Sprout – Day 18

(Today’s post is in letter form)

Dear God –

I’m writing today not for myself but for someone I love. She is a sister and a friend.

Lord, I can’t begin to describe the tumultuous emotions I feel for her and what she’s going through. I understand that You have a plan and a purpose for her but right now, as an outsider, I wonder what it is. I don’t doubt Your ability to heal, to grow, to propel forward, but when the picture is so small and the wounds are so fresh, I know from past experience that doubt happens.

I pray for a support group to encompass her. May she be willing to accept their support and learn that leaning is okay.

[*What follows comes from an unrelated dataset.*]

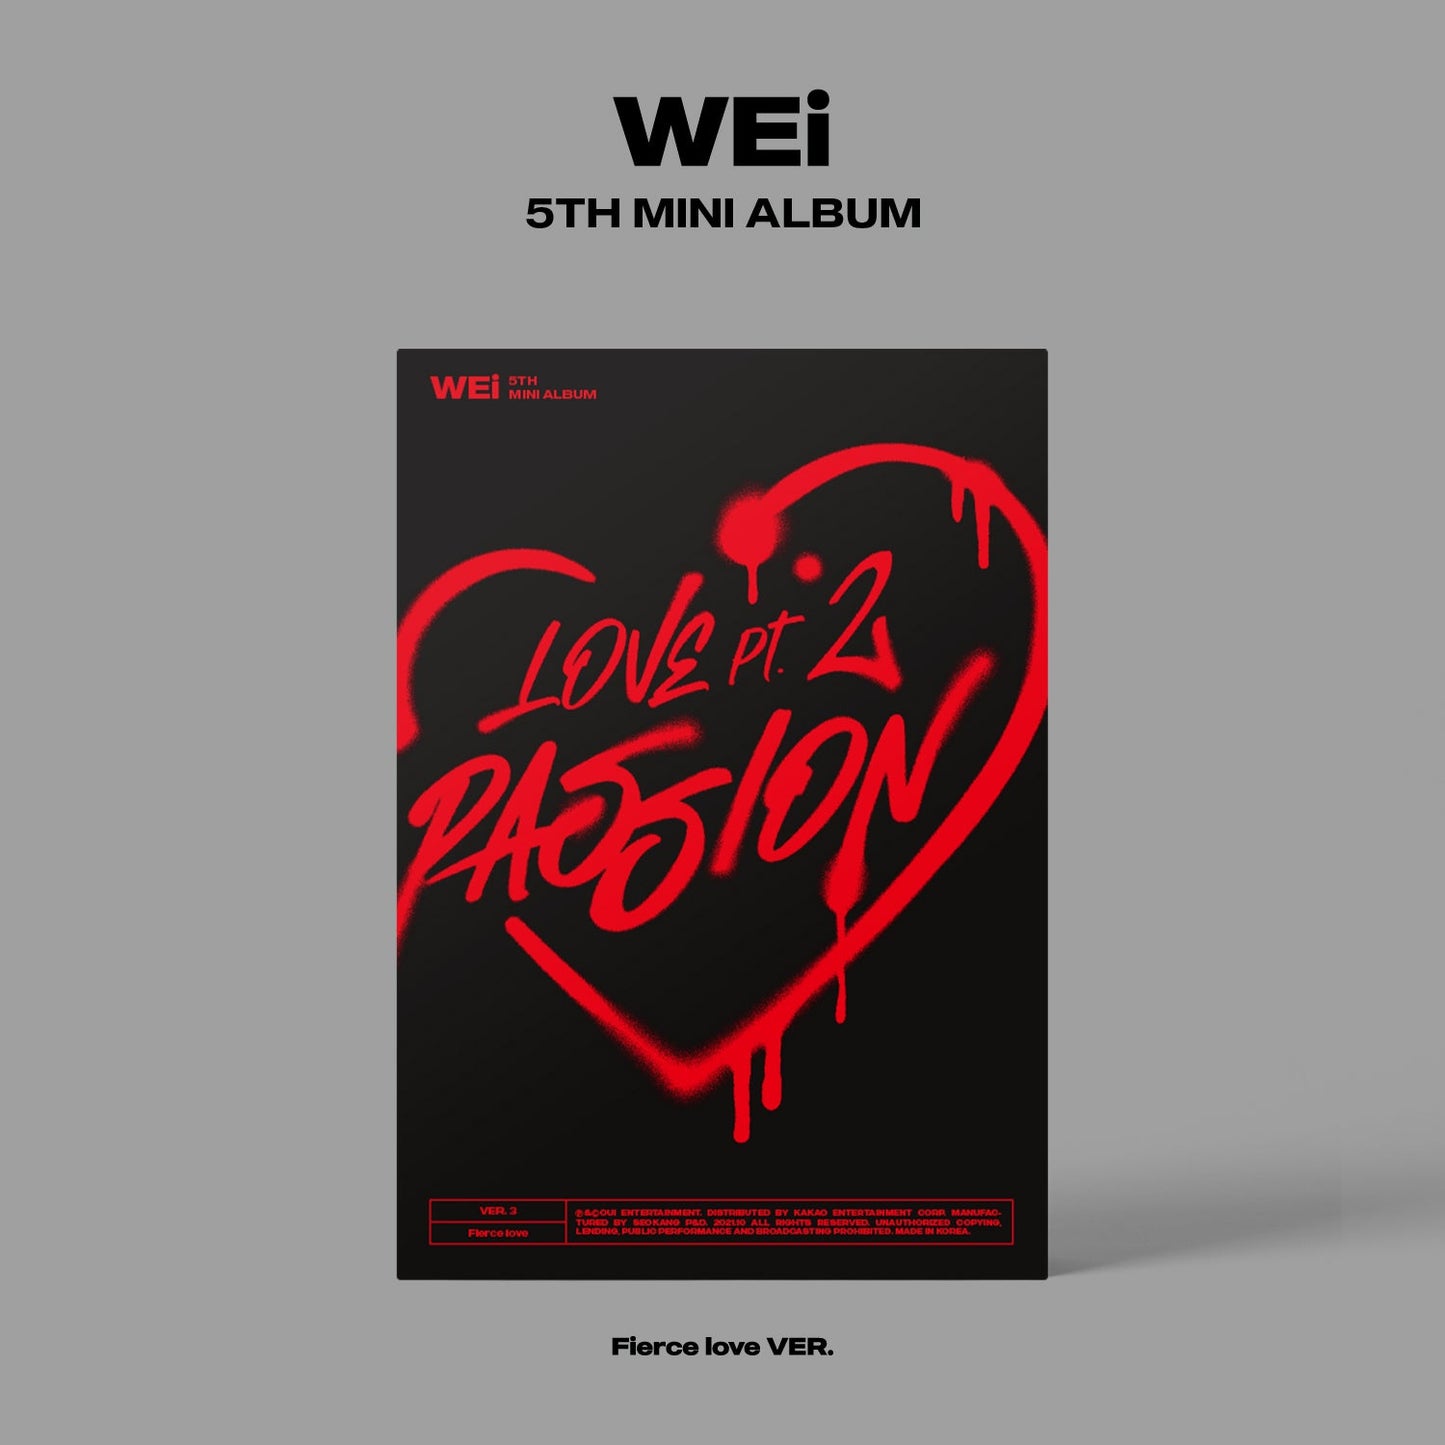 WEI 5TH MINI ALBUM 'LOVE PT.2 : PASSION' FIERCE LOVE COVER

I pray for strength because I’m sure she feels weak. You said that Your strength is sufficient. Make that real for her.

I pray for peace because being in a storm sucks. Move her from the outside of the storm into the eye of the storm where it’s calm and she’s protected.

I pray for finality. That probably sounds really odd but, God, I know it’s not. It’s closure, that sense of something finally being done, let go of, put to rest at last.

I pray for comfort. Wrap her in Your arms, let her know You’re still there.

There’s so much I could pray for for my sister and friend, God, but I don’t have enough words to put it into writing or even to say it out loud. So here’s my heart, my prayer, laid out before You on her behalf.

In this time of uncertainty, I believe in Your plan for her, Your love for her, and how much You want her to grow.

Grow her, God. Let her see this is worth it. Grow her into the woman You know she’ll become.